What’s In YOUR Data Architecture?” Part One

By Mark Mosley

A popular credit card commercial asks, “What’s in YOUR wallet?” I’ve been asking a similar question of data architects at several different organizations – “What’s in YOUR data architecture?”

“Architecture” may be the most widely used term in the field of information technology, and probably also the term with the greatest number of different connotations. Even when we limit our focus to just “data architecture,” what do we really mean? Ask three data architects what they mean by the term “data architecture.” and you are likely to get four or five different answers! Much like the three blind men who each mistook an elephant for something quite different depending on what they were holding, our perspectives on data architecture differ widely depending on our issues and needs.  When we hear someone refer to their “data architecture,” what are they describing?

Let’s start by looking outside the information technology field. I’ve looked at the definitions for architecture published in several dictionaries, printed and online.  Paraphrasing them all, there seem to be two general definitions of architecture. First, architecture is “the art and discipline of designing buildings” — architecture is a skill, a field of study and a profession. The second general meaning is more pertinent for our use. Architecture may be defined as “the design of any complex object or system.” Architecture is design created to help manage complexity. We create architecture for complex things, such as buildings, music, literature, machines, organizations and systems. In each case, architecture is an organized abstraction of the system, not the system itself in its complex entirety. Architecture helps build, understand, and control complex systems.
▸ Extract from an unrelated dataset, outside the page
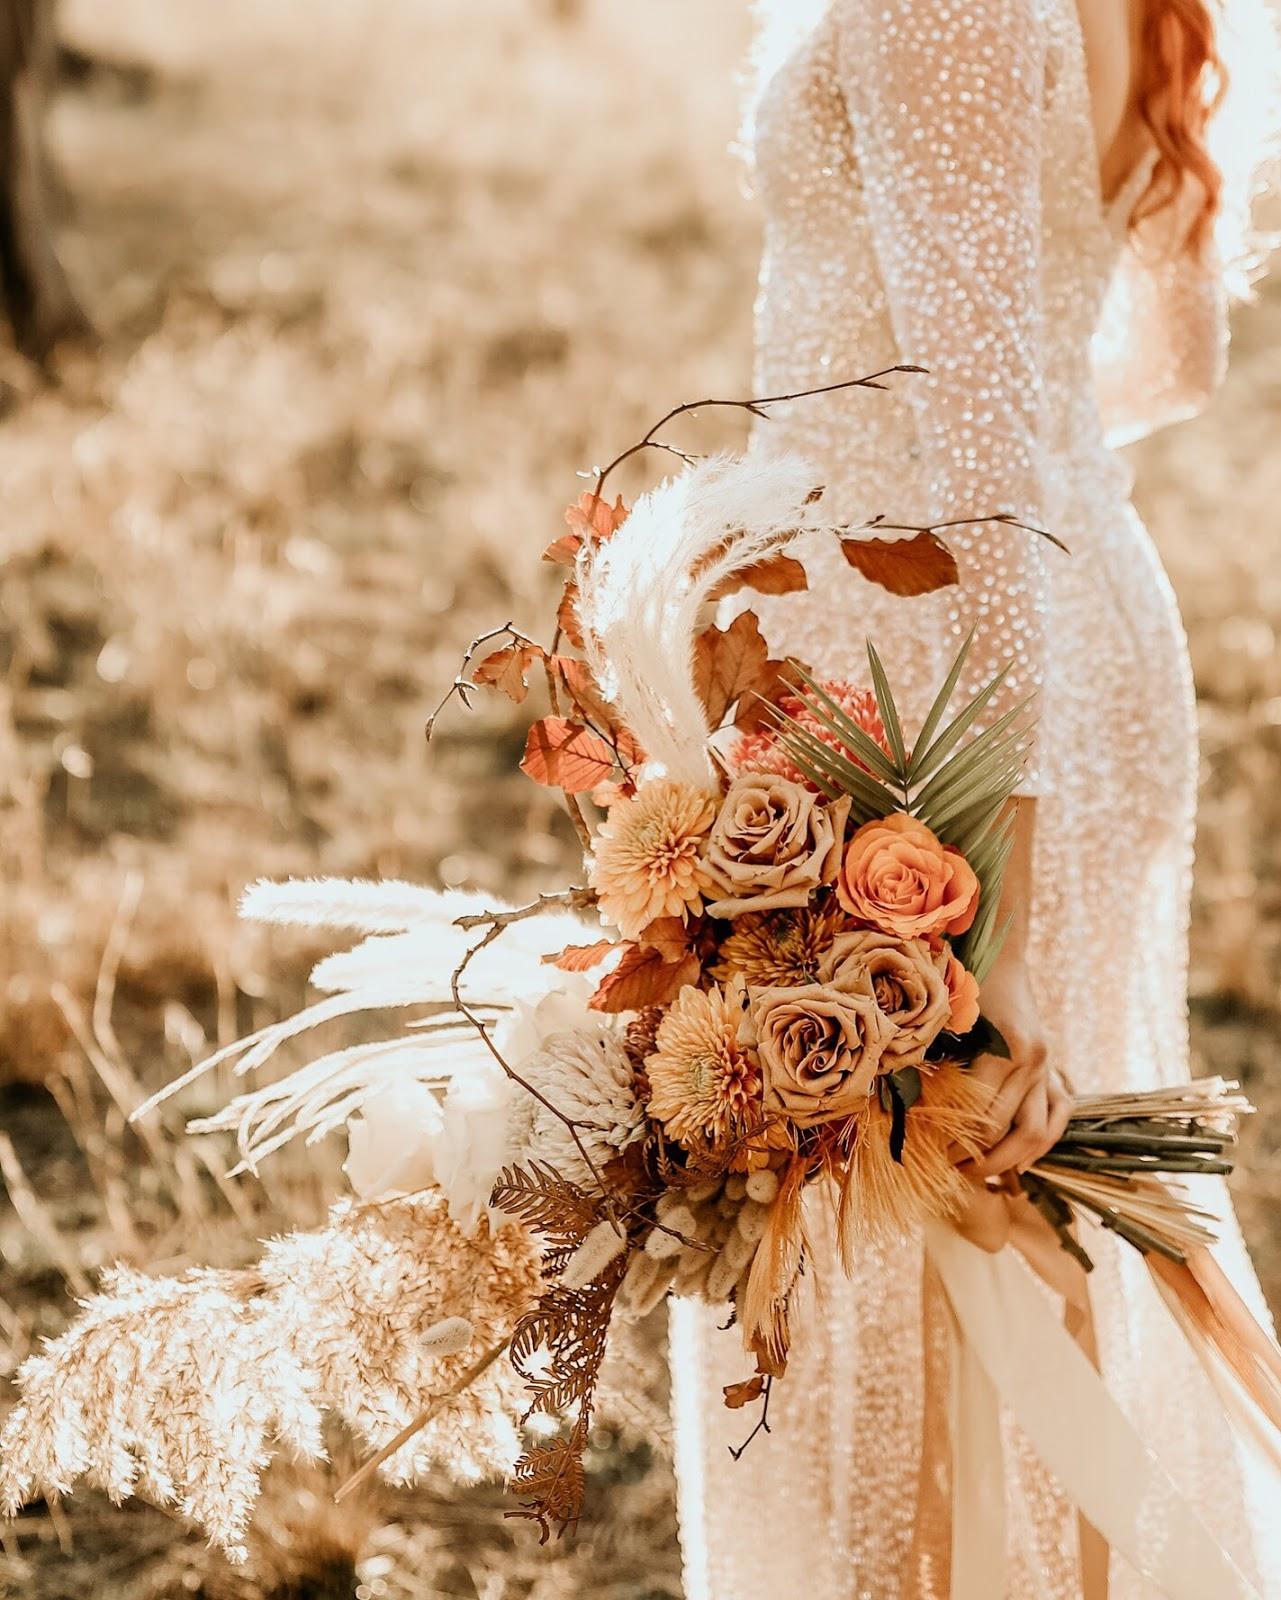 kacie herd photography blue mountains wedding floral designer florals flowers

Architecture exists at many levels. City planners design zoning plans and work with developers to design streets, lots and utility services. Architects work with homeowners to design individual homes. There is architecture in the plumbing and wiring within the home, and inside the computer chips that operate home appliances. At each level, standards and protocols help ensure components function together as a whole. Architecture includes standards and how they are applied to meet specific design needs.

Another paraphrased definition for architecture might be “an organized arrangement of component elements to optimize function, performance, feasibility, cost and/or aesthetics.” Architecture helps attain goals. Simple things don’t require architecture, but we need architecture to meet complex requirements and constraints.

The primary goals of enterprise architecture are to:

1)      Align resources and investments with business strategy

2)      To integrate resources to more effectively achieve business goals

3)      Help manage change


The Zachman Framework for Enterprise Architecture and other architectural frameworks give us ways to think about systems and architecture. When John Zachman first conceived the Zachman Framework, he saw that no single diagram or model could completely represent a complex system. Different stakeholders had different views. Even for a given stakeholder, different abstract views were needed to describe different aspects of the system.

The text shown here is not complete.